God knows, I am not suggesting that people should experience any less enjoyment in life, but God also knows that success is the mother of pleasure, and that if you fail too often your capacity for pleasure will be seriously undermined.

All of this to introduce an article entitled "My Lazy American Students" by Professor Kara Miller. Link here.

Miller has had the enviable opportunity to teach college-level students from all over the world. She reports that American students are markedly less diligent, less assiduous, less focused, and less hard-working than students from the rest of the world.

Today's American college students are leading the world in sloth! They have no concept of getting their work in on time or of concentrating on the tasks at hand.

Miller judges her American charges to be more creative than their Asian and Latin American counterparts, but what use is their creativity when they are constantly falling behind on their assignments and are barely prepared for class.

Miller's conclusion echoes one that I have been arguing for some time now.

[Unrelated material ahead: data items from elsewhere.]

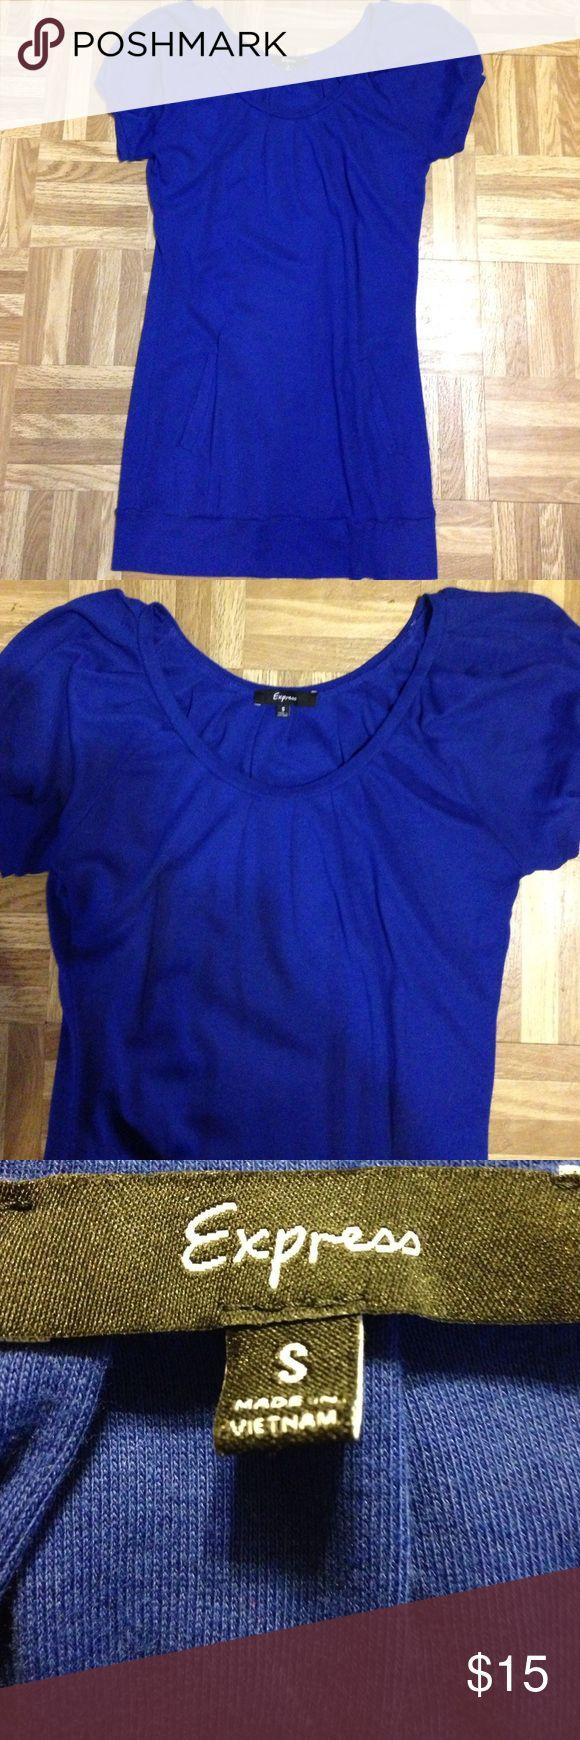 Really pretty tunic top by Express sz S Really pretty tunic top by Express sz S. Beautiful blue. Banded bottom   Kangaroo pocket.  Like new condition. Express Tops Tunics
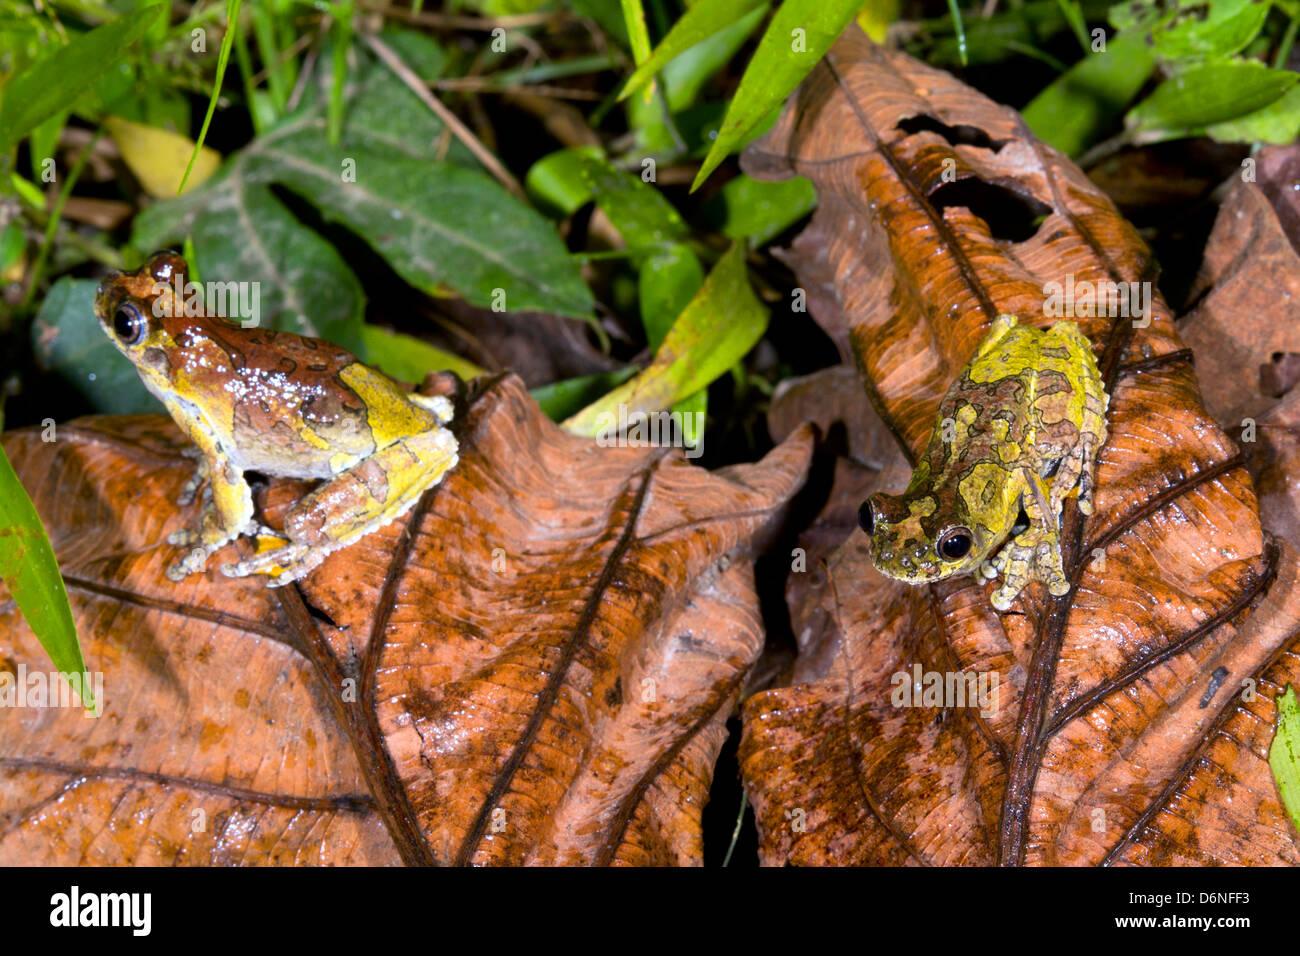 Two Neotropical marbled treefrogs (Dendropsophus marmoratus) on the rainforest floor, Ecuador - Stock Image
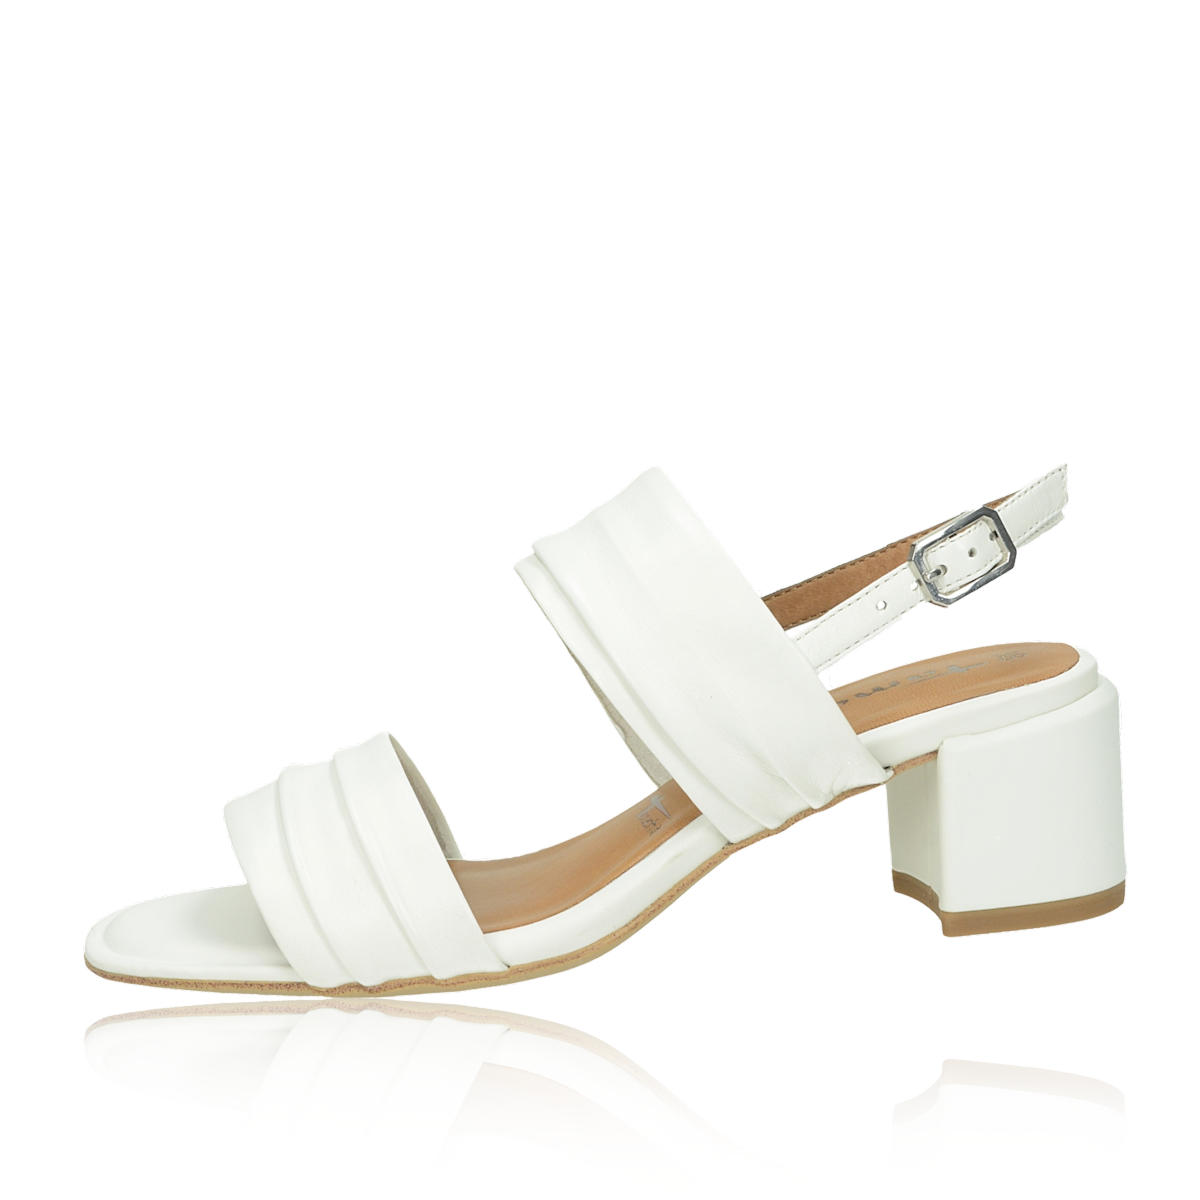 6ae30fa1f1af Tamaris dámské stylové sandály - bílé Tamaris dámské stylové sandály - bílé  ...

If you believe that America's future lies in its youth, and if you believe that hard work, and only hard work, can dig us out of the financial hole we have gotten ourselves into, then there is little cause for optimism.

Apparently, students the world over understand that the world is a highly competitive place and that consistent success will only come to those who work hard and who follow the simple precepts of the Protestant Work Ethic.

Only American students are thoroughly clueless about this concept, and its practice.